Trifunctional enzyme subunit alpha, mitochondrial also known as hydroxyacyl-CoA dehydrogenase/3-ketoacyl-CoA thiolase/enoyl-CoA hydratase (trifunctional protein), alpha subunit is a protein that in humans is encoded by the HADHA gene. Mutations in HADHA have been associated with trifunctional protein deficiency or long-chain 3-hydroxyacyl-coenzyme A dehydrogenase deficiency.

Structure

HADHA is an 82.9 kDa protein composed of 763 amino acids.

The mitochondrial membrane-bound heterocomplex is composed of four alpha and four beta subunits, with the alpha subunit catalyzing the 3-hydroxyacyl-CoA dehydrogenase and enoyl-CoA hydratase activities. The genes of the alpha and beta subunits of the mitochondrial trifunctional protein are located adjacent to each other in the human genome in a head-to-head orientation.

Function 

This gene encodes the alpha subunit of the mitochondrial trifunctional protein, which catalyzes the last three steps of mitochondrial beta-oxidation of long chain fatty acids. The enzyme converts medium- and long-chain 2-enoyl-CoA compounds into the following 3-ketoacyl-CoA when NAD is solely present, and acetyl-CoA when NAD and CoASH are present. The alpha subunit catalyzes this reaction, and is attached to HADHB, which catalyzes the last step of the reaction.

Clinical significance 

Mutations in this gene result in trifunctional protein deficiency or long-chain 3-hydroxyacyl-coenzyme A dehydrogenase deficiency.

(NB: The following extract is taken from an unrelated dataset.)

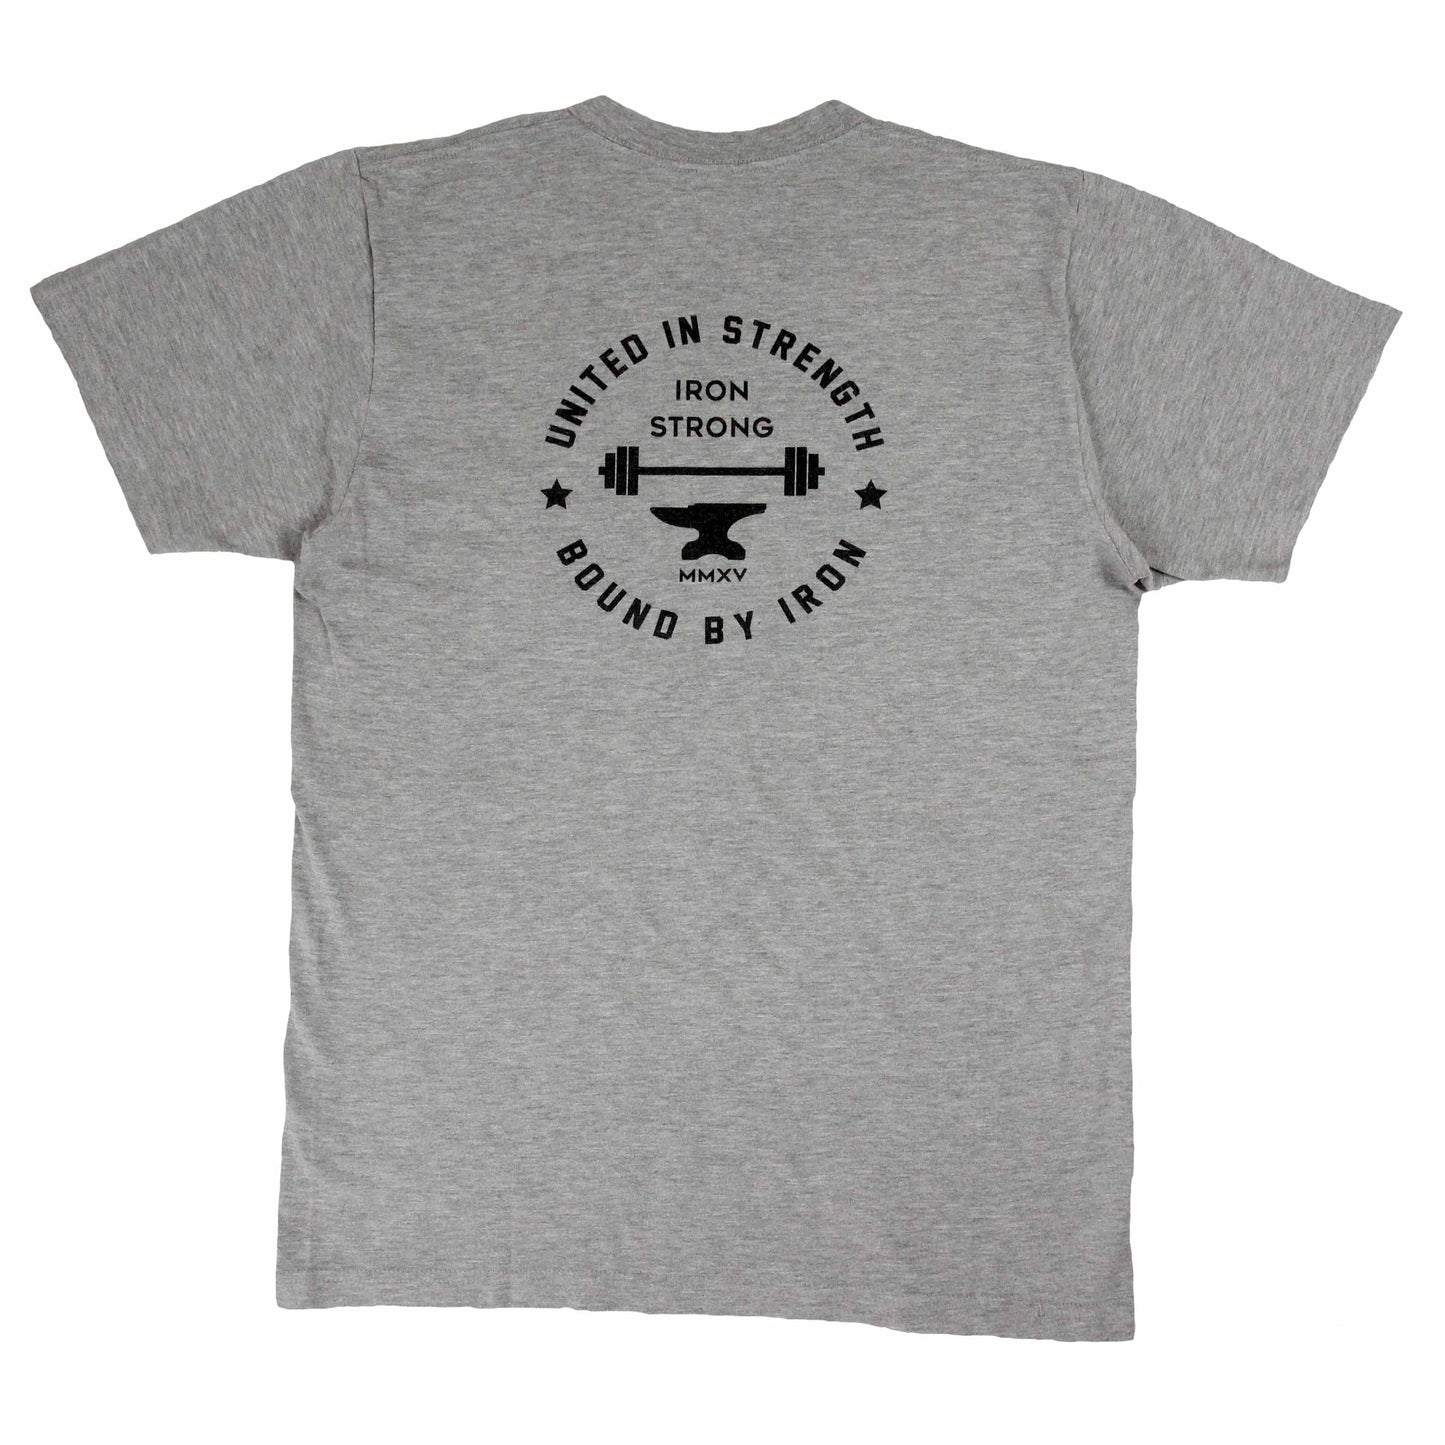 The 'Iron Crest' CrossFit shirt | Iron Strong Apparel

The most common form of the mutation is G1528C, in which the guanine at the 1528th position is changed to a cytosine. The gene mutation creates a protein deficiency that is associated with impaired oxidation of long-chain fatty acids that can lead to sudden infant death. Clinical manifestations of this deficiency can include myopathy, cardiomyopathy, episodes of coma, and hypoglycemia. Long-chain L-3-hydroxyacyl-coenzyme A dehydrogenase deficiency is associated with some pregnancy-specific disorders, including preeclampsia, HELLP syndrome (hemolysis, elevated liver enzymes, low platelets), hyperemesis gravidarum, acute fatty liver of pregnancy, and maternal floor infarct of the placenta. Additionally, it has been correlated with Acute fatty liver of pregnancy (AFLP) disease.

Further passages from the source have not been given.